Figure 7. Screenshot from the “Formulift app,” which uses the classifiers developed from the tablet app to analyze whether a person’s exercise technique is acceptable or aberrant as they complete squats, deadlifts, lunges, and single-leg squats.

Figure 8. Formulae for: a) accuracy, b) sensitivity, and c) specificity.

The personalized, classifiers-predicted labels were then compared with the exercise professional’s labels, which were considered to be ground truth for each repetition of each exercise from each participant. Where the exercise professional had labeled a repetition as “acceptable” and the classifier predicted “acceptable,” this was counted as a true positive (TP). However, if the classifier predicted “aberrant,” in this circumstance a false negative (FN) was counted. If the exercise professional and classifier both deemed a repetition to be “aberrant,” it was counted as a true negative (TN). However, if the exercise professional deemed a repetition to be “aberrant” and the classifier predicted it as “acceptable,” this was counted as a false positive (FP).The scores used to measure the quality of classification were total accuracy, sensitivity, and specificity. Accuracy is the number of correctly classified repetitions of all the exercises divided by the total number of repetitions completed. This is calculated as the sum of the TPs and TNs divided by the sum of the TPs, FPs, TNs, and FNs. Sensitivity measures the effectiveness of a classifier at identifying a desired label, whereas specificity measures the classifier’s ability to detect negative labels. These three metrics were used to assess the classification quality of each individual participant for each of the 4 exercises completed. The formulae for accuracy, sensitivity and specificity are shown in Figure 8.

Participant Demographics

The demographics of the participants were as follows: 12 males, 3 females, age: 23.8 [standard deviation, SD 1.8] years, height: 1.79 [SD 0.07] m, body mass: 78.4 [SD 9.6] kg.

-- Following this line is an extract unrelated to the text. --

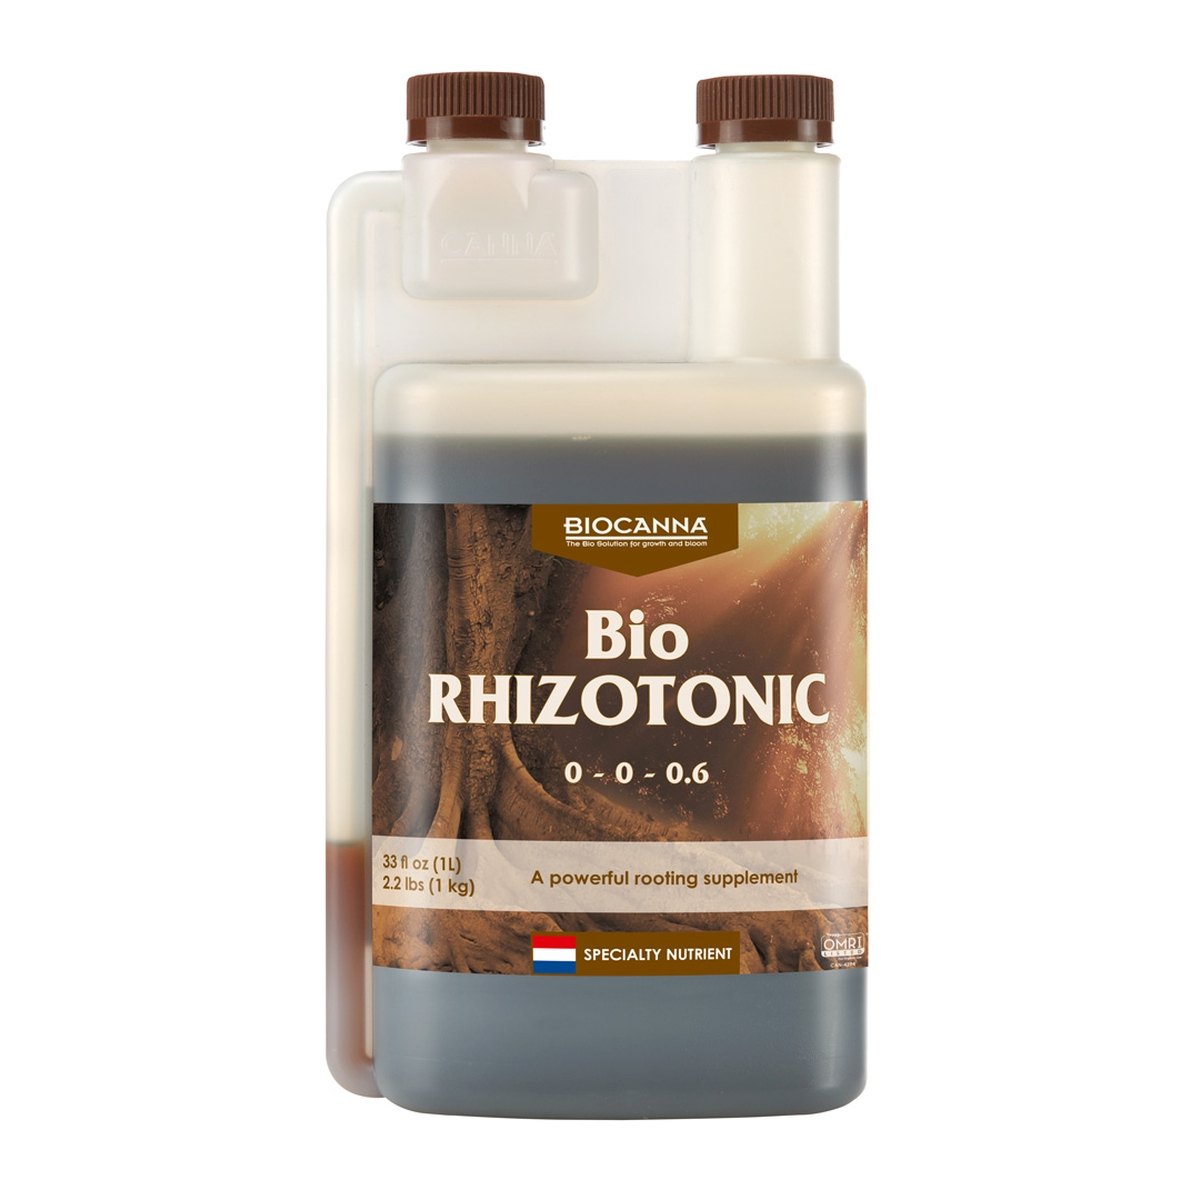 Canna Bio Rhizotonic - 1 liter
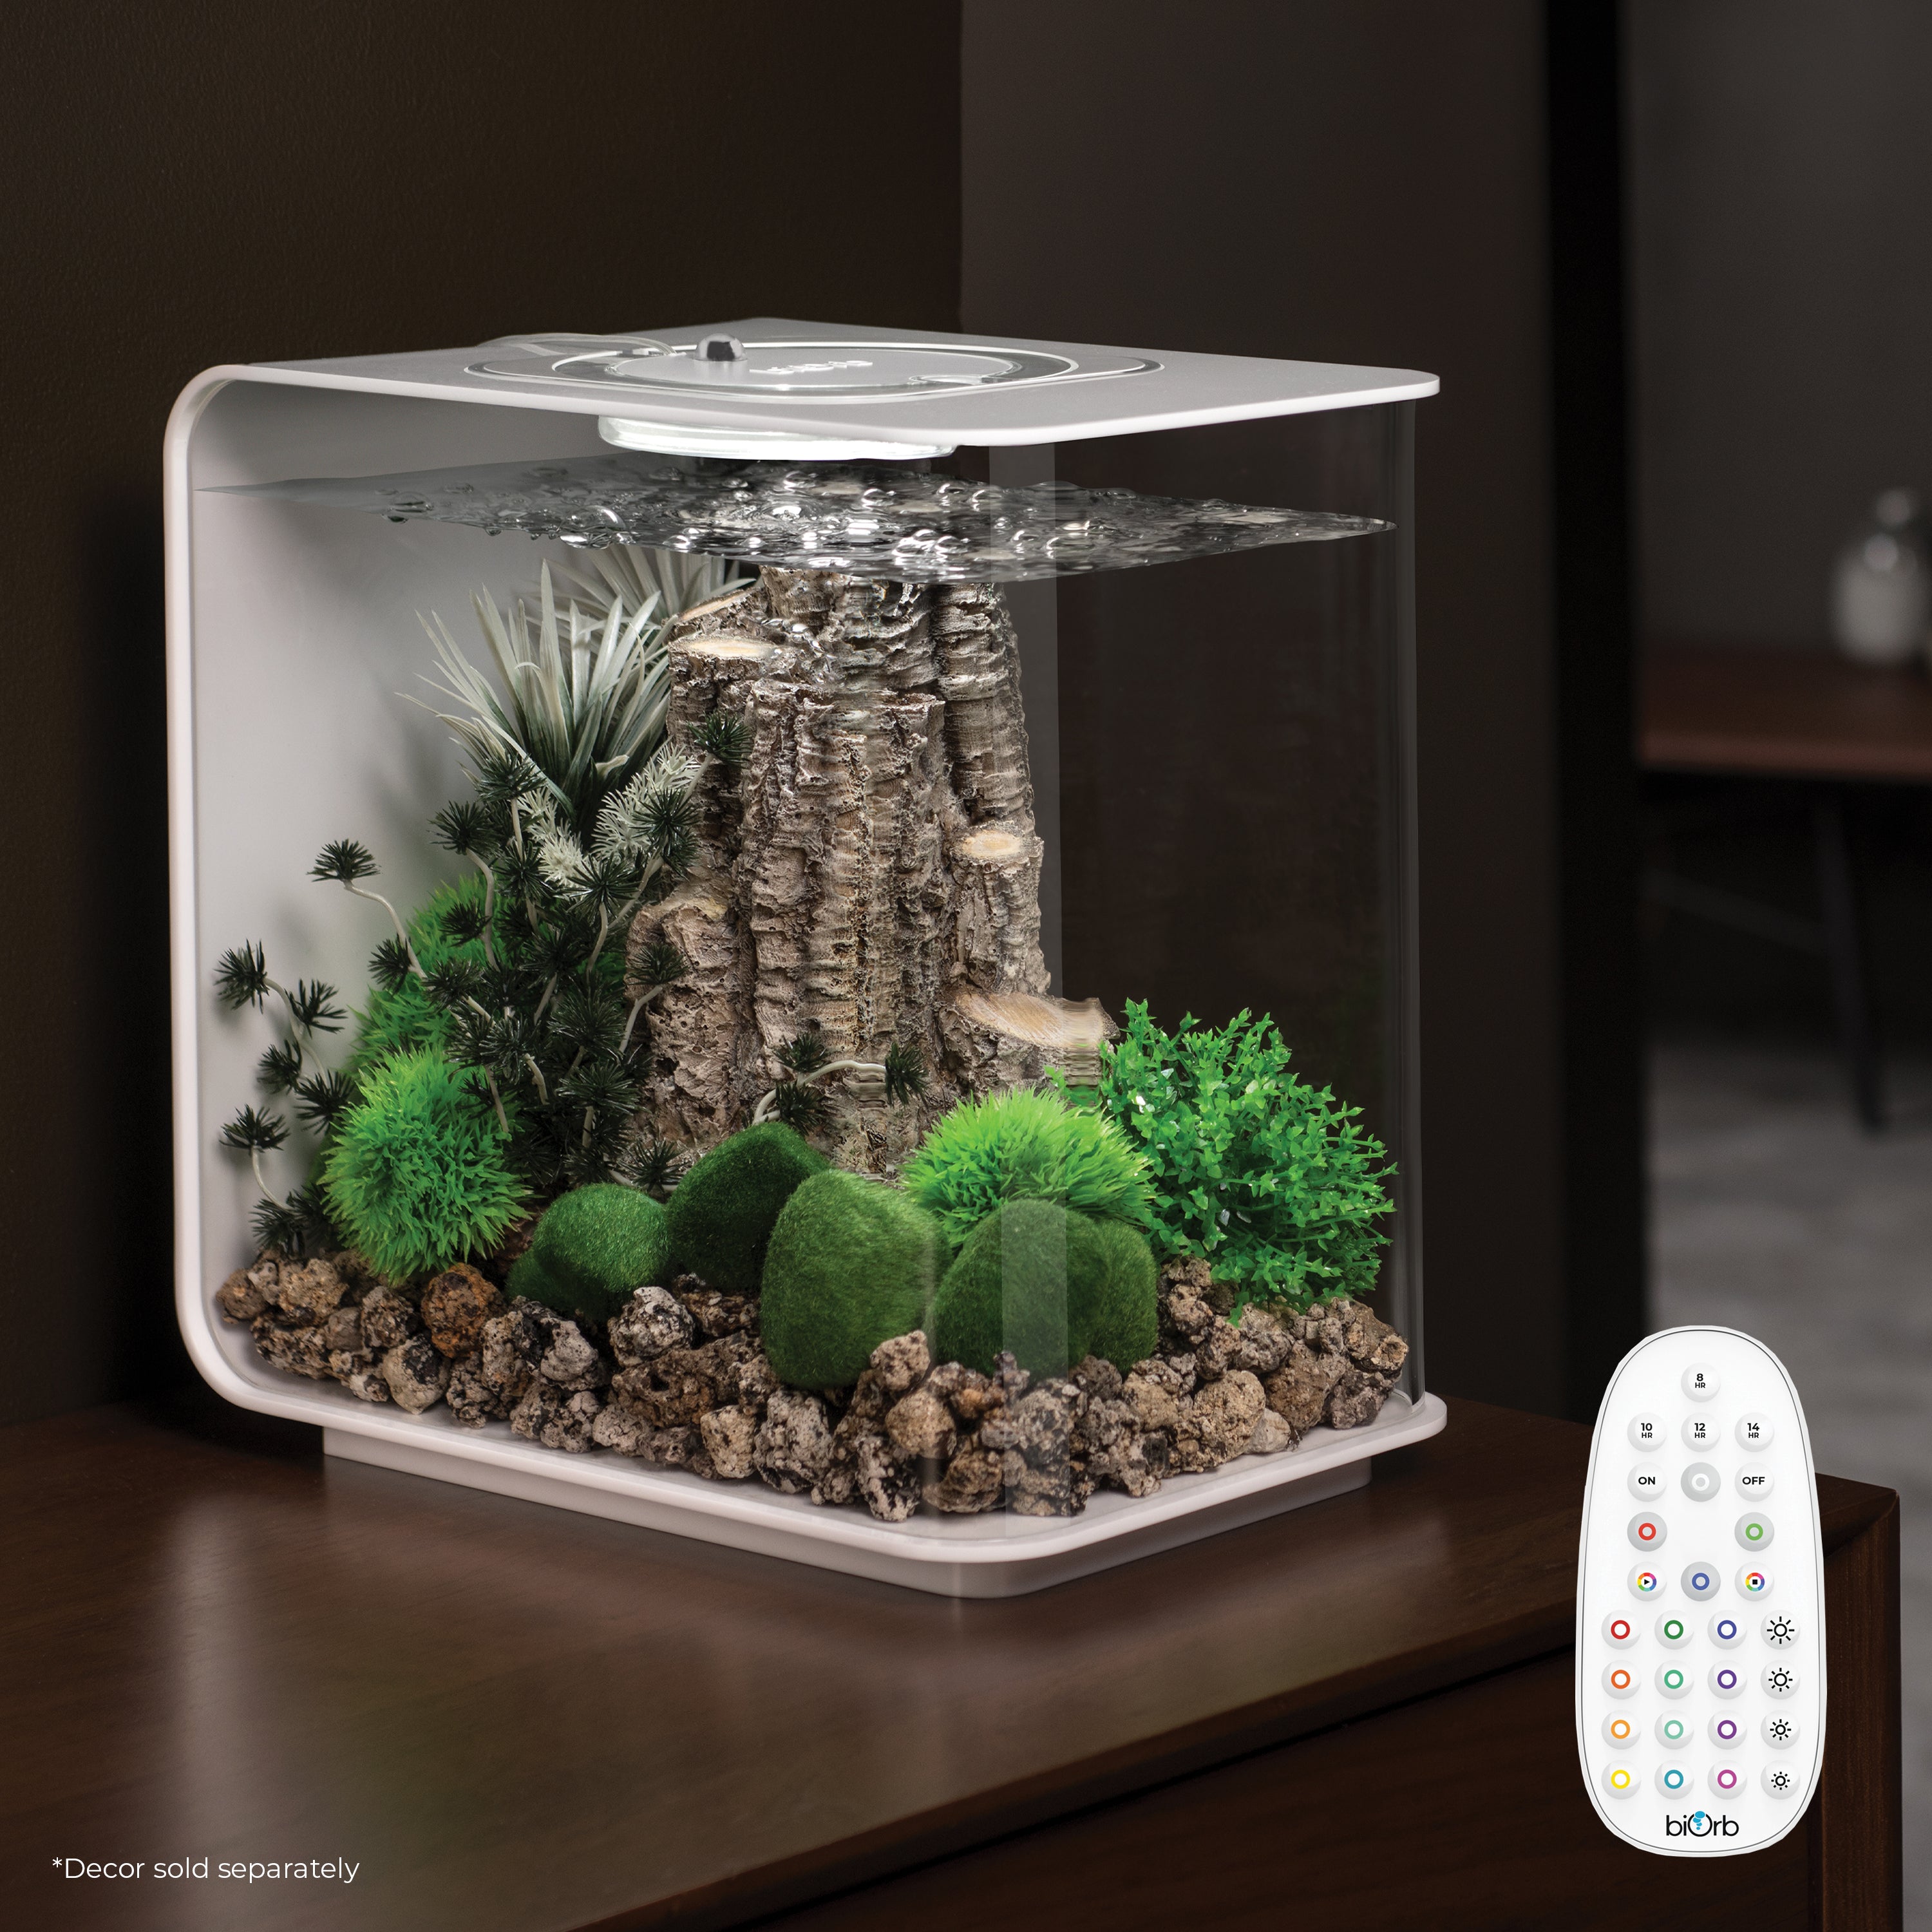 Get inspiration for your aquarium FLOW 15 Aquarium with MCR Light - 4 gallon available in white

Each participant’s characteristics are shown in Table 1.

Table 1. Participant characteristics.

Type	Gender	Age, in years	Height, in meters	Weight, in kilograms
Beginner	Male	20	1.68	66.5
Beginner	Male	25	1.75	68
Beginner	Male	22	1.76	76
Beginner	Female	26	1.74	86
Beginner	Female	26	1.7	65
Experienced	Male	23	1.85	85
Experienced	Female	21	1.77	72.5
Experienced	Male	24	1.88	86
Experienced	Male	25	1.83	74
Experienced	Male	26	1.7	63
Experienced	Male	23	1.75	83
Experienced	Male	25	1.805	84
Experienced	Male	22	1.93	86
Experienced	Male	24	1.775	84
Experienced	Male	25	1.88	97
Mean (SD^a)		23.8 (1.8)	1.79 (0.07)	78.4 (9.6)

^aSD: standard deviation.

System Evaluation Results

Table 2 demonstrates the mean accuracy, sensitivity, and specificity scores for all participants using their 4 personalized classifiers for each exercise under study, in the real-world evaluation as described in the “System Evaluation” section. The mean results for the 5 beginner participants who had naturally aberrant technique and for the more experienced participants who had deliberately induced technique mistakes are shown.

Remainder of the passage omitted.